Monday 20 December 2010

Martin Schongauer

      The finest German engraver before Albrecht Dürer was the painter and printmaker Martin Schongauer, who was the son of Caspar Schongauer, a goldsmith of Augsburg. In 1465, Martin Schongauer registered at the University of Leipzig but apparently remained there only for a short time. It is not clear whether he was there as a student or as a visiting artist enjoying the university’s protection from interference by the local painters’ guild. No work of his has ever been discovered that could with certainty be dated earlier than 1469, and the wide distribution of his work did not get under way until the late 1470s. In 1469 his name is mentioned for the first time in the Colmar register of property.
    The same date appears also on three of his early drawings, but these dates and signatures were added by Albrecht Dürer, who may have received them from Schongauer’s brothers. According to contemporary sources, Schongauer was a prolific painter whose panels were sought in many countries. Few paintings by his hand survive. Among these, the Madonna in a Rose Garden (1473), altarpiece of  the Church of Saint-Martin in Colmar, ranks first in importance. This work combines monumentality with tenderness, approaching the manner of the great Flemish painter Rogier van der Weyden, by whom Schongauer was profoundly influenced. Other paintings by Schongauer include two wings of the Orliac altar; six small panels among which the Nativity and the Holy Family are the most mature; and finally the murals of the Last Judgment in the cathedral of Breisach, probably his last work (uncovered in 1932). It is as an engraver that Schongauer stands without rival in northern Europe in his time. He was influenced by and may have studied with the master engraver who signed his work simply “E.S.” Schongauer’s engraved work, consisting of about 115 plates, all signed with his monogram, is a final, highly refined and sensitive manifestation of the late Gothic spirit. Technically he brought the art of engraving to maturity by expanding its range of contrasts and textures, thus introducing a painter’s viewpoint into an art that had been primarily the domain of the goldsmith.
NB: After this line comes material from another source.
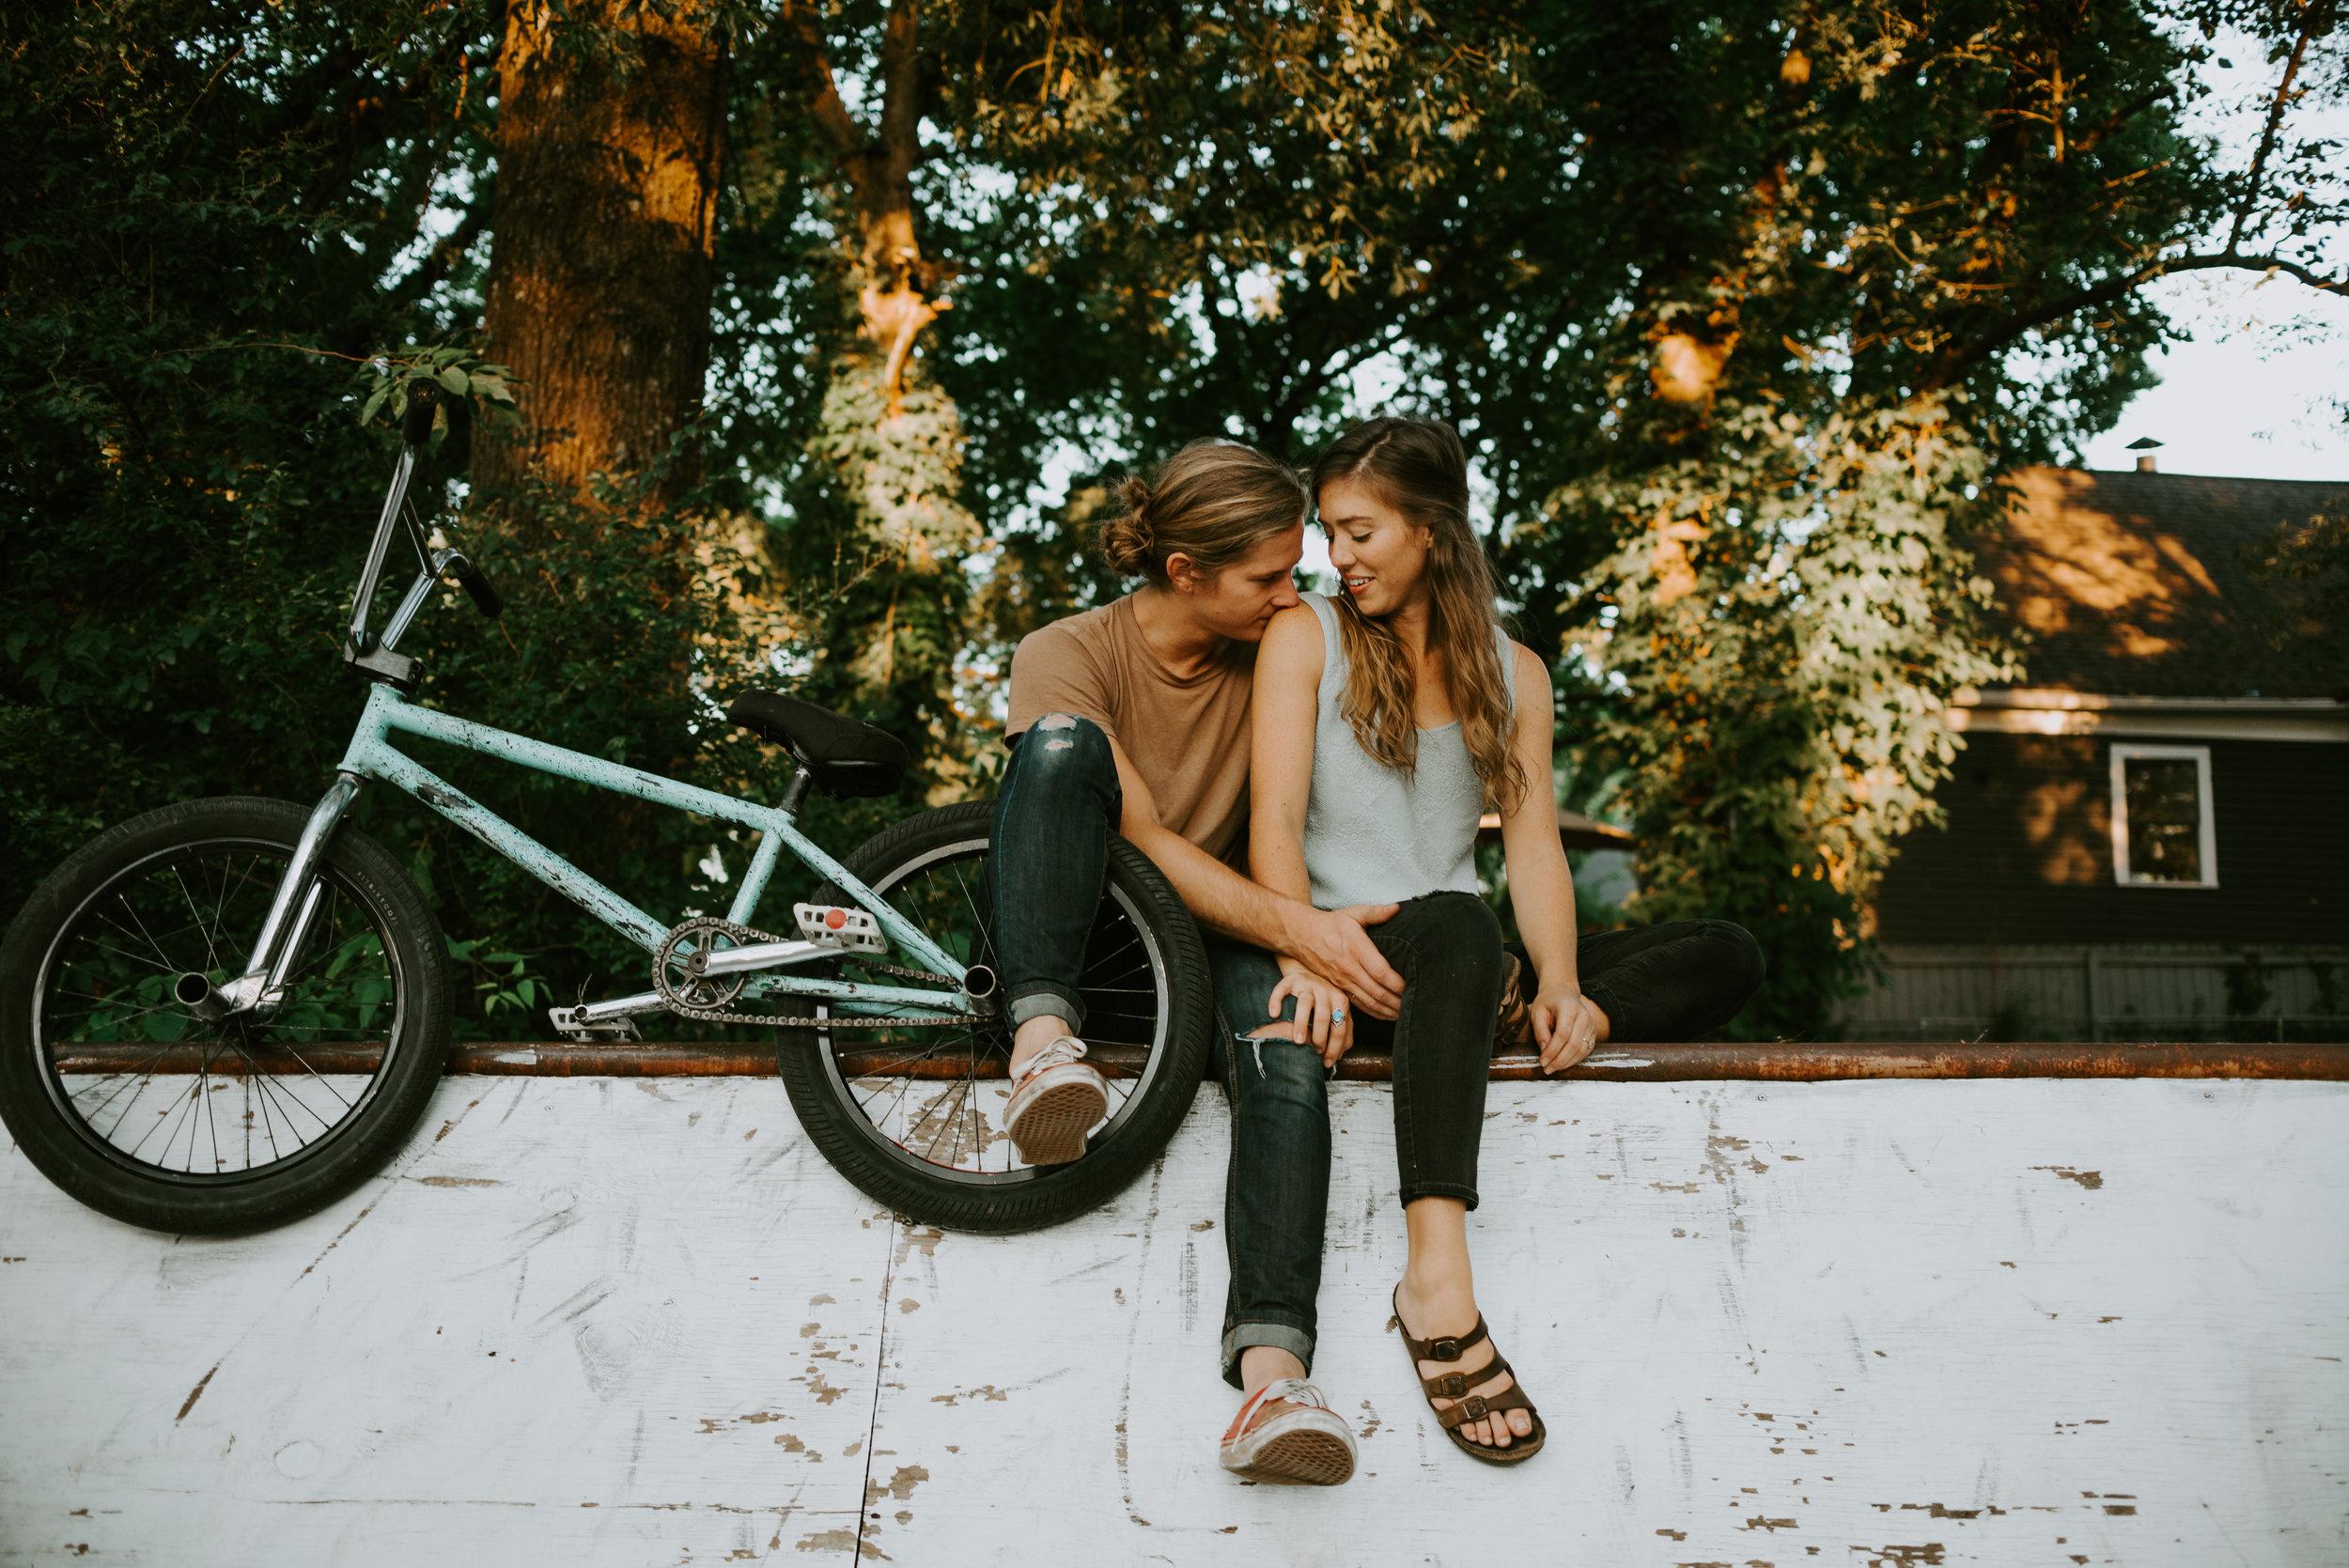 WonderlyCreative_Couples_7.9.18_Cameron&Alexis_-200.jpg

    The larger and more elaborate engravings, such as the Temptation of St. Anthony or the Death of the Virgin, belong to his earlier period. In his later years he preferred smaller plates, even for such subjects as the Passion of Christ, a set of 12 engravings. Some of his most eloquent plates are single figures, such as the Madonna in a Courtyard and St. Sebastian. Within the diversity of trends in German art in this period, Schongauer represents the most idealistic and aristocratic element, devoting his art mainly to Christian subjects and shunning the crude and often humorous realism of some of his fellow engravers. The grace of his work became proverbial even in his lifetime and gave rise to such names as “Hübsch [“charming”] Martin” and “Schön Martin” (“Bel Martino” in Italian), whereby the German adjective schön (“beautiful”) often became confused with the artist’s family name. In 1488 Schongauer left Colmar and moved to Breisach, in Baden, where he died.